Fig xA Emission spectra of as prepared Pb

An important criterion for specifying the property of the phosphor is its color that KY02111 can be described in terms of CIE chromaticity coordinates. So, for studying the emission color of Pb2+ co-doped YVO4:5Dy3+ phosphors, we have determined the CIE coordinates of 1 at.% Pb2+ co-doped YVO4:5Dy3+ phosphor as (0.347, 0.364), (0.362, 0.411) and (0.388, 0.424), respectively for as-prepared, 500 and 900 °C annealed sample under 280 nm excitation. And for undoped YVO4:5Dy3+ phosphor CIE chromaticity lies in bluish white with CIE coordinates (0.331, 0.323) under 280 nm excitation. We see that on co-doping Pb2+ ions into YVO4:5Dy3+ color changes from bluish white to white region on contrary to that observed on co-doping Bi3+ ions [31] and then shift towards yellow region as we move from 500 to 900 °C annealed sample (Fig. 14). The emission color of 900 °C annealed 7 at.% Pb2+ co-doped YVO4:5Dy3+ phosphor under 280 nm is found to be in pure yellow region with CIE co-ordinate (0.397, 0.410). This is related to the slight increase in the value of asymmetric ratio owing to the dominance of yellow light emission over blue emission on heat treatment. This shows that annealing temperature is also responsible for tuning the color of the phosphors. We also find that the emission color remain the same even on changing the excitation wavelengths from 280 nm.

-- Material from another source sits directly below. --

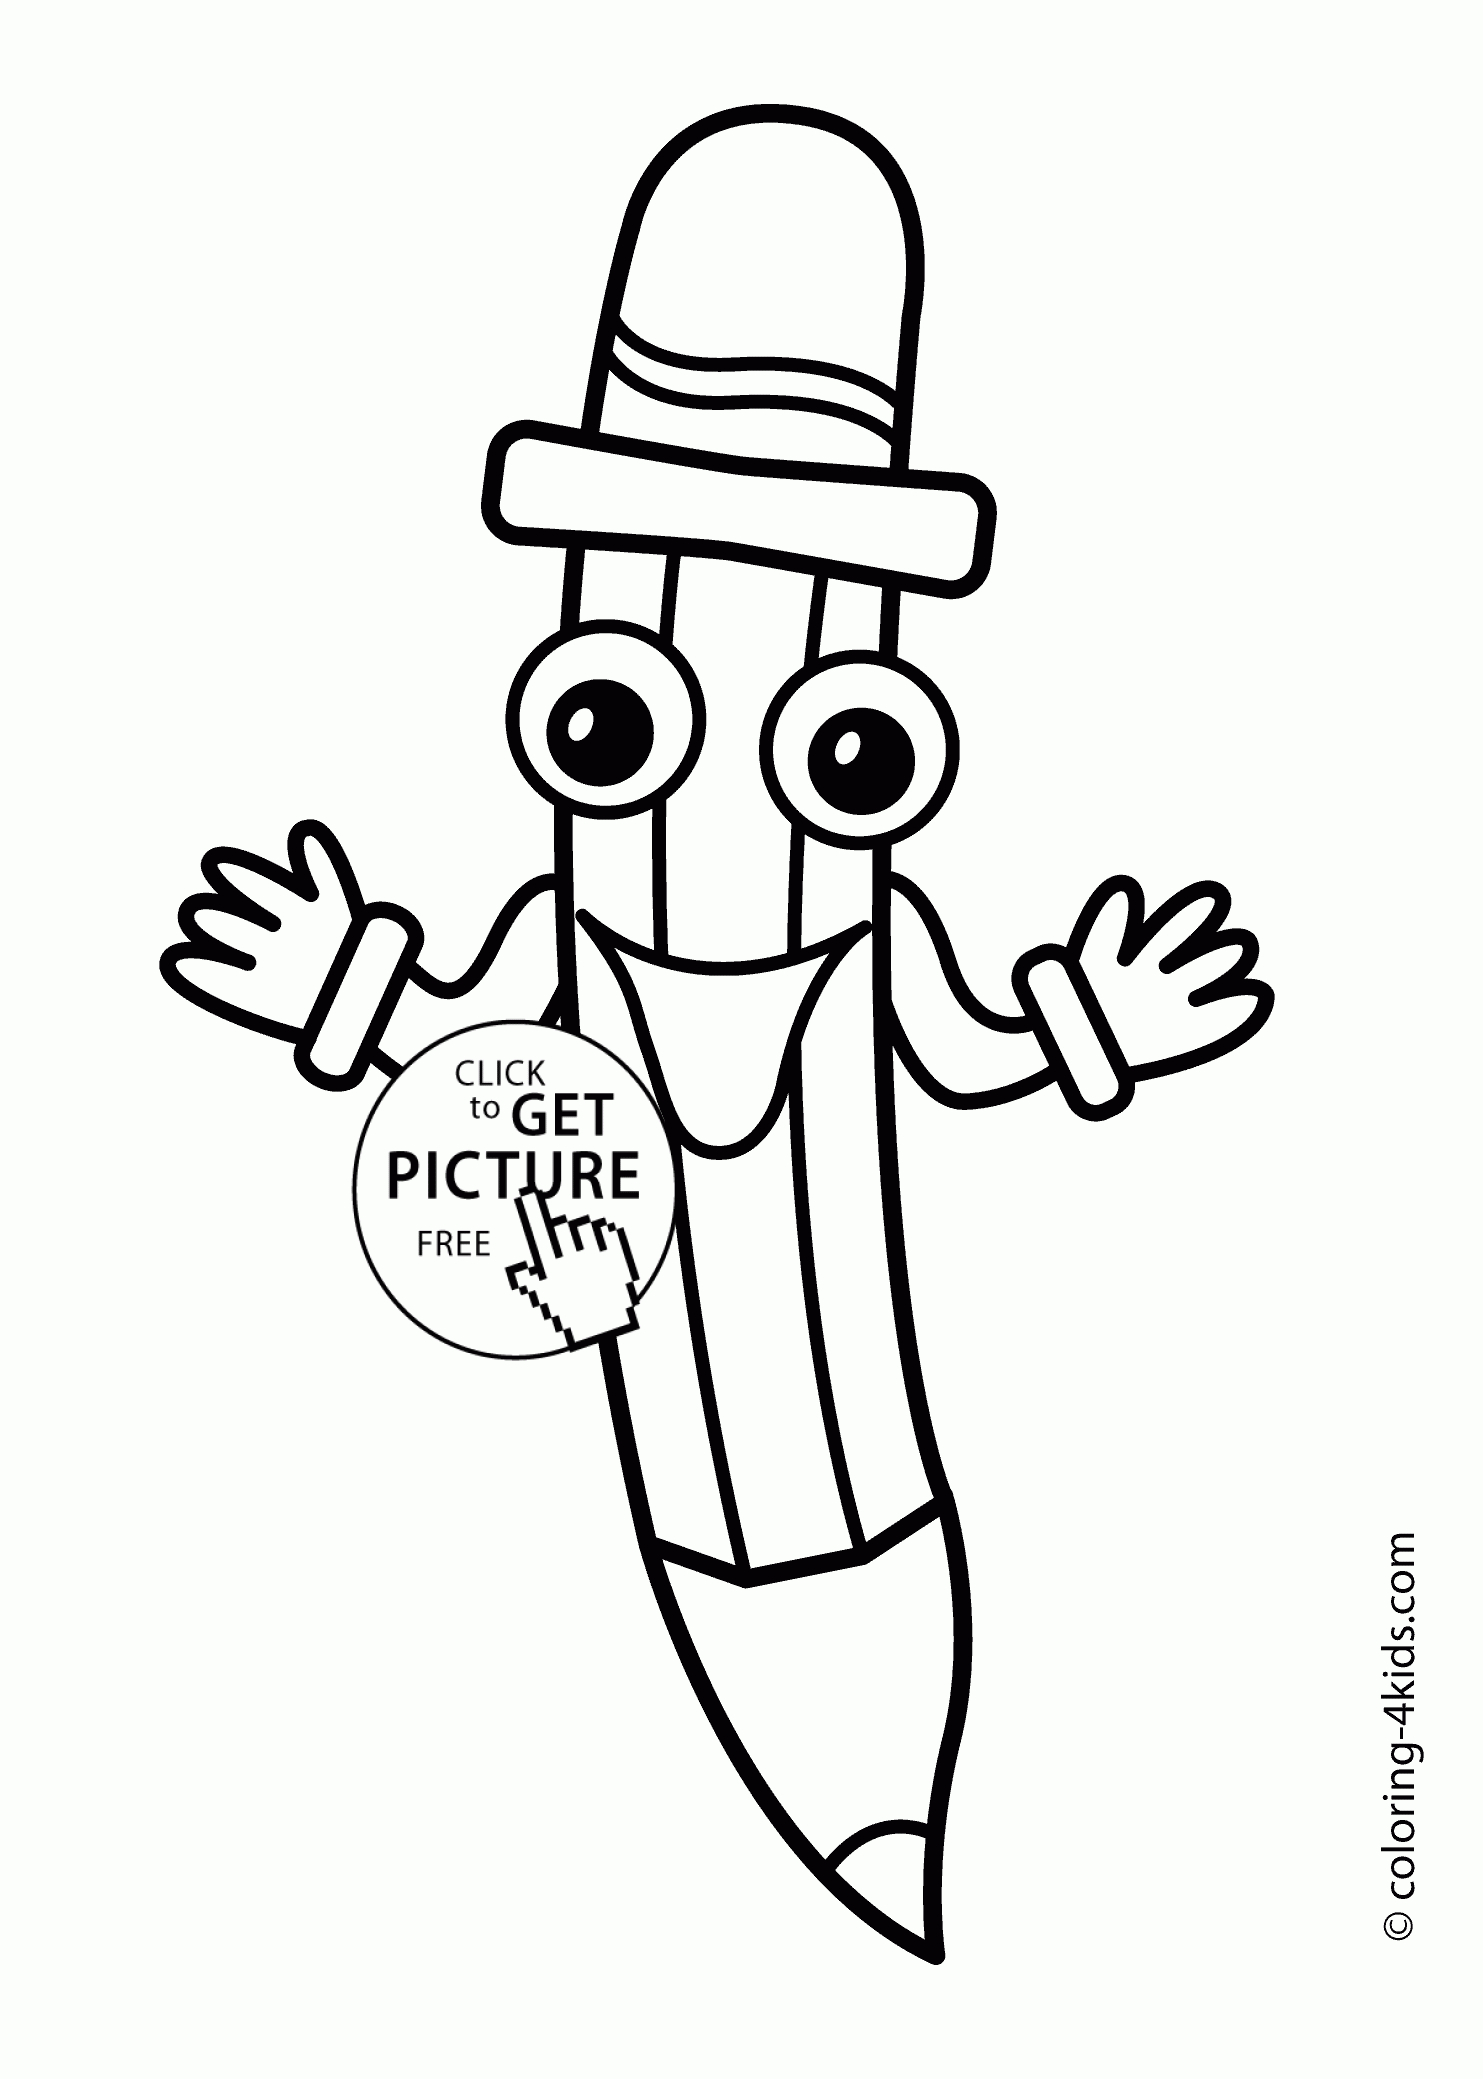 School Pencil Man Coloring Page, Classes Coloring Page For Kids - Free Printable Pencil Drawings

However, multicolor tunable emission was accomplished by just using different excitation wavelength in Bi3+ co-doped YVO4:5Dy3+ phosphors [31]. Under 300 nm excitation, the emission color of 1 at.% Pb2+ co-doped phosphor also fall in white region with CIE coordinates (0.342, 0.371) [37]. The well fitting of CIE coordinates in white region on co-doping of Pb2+ into YVO4:5Dy3+ could serve as a good source of white light in the application of white LEDs.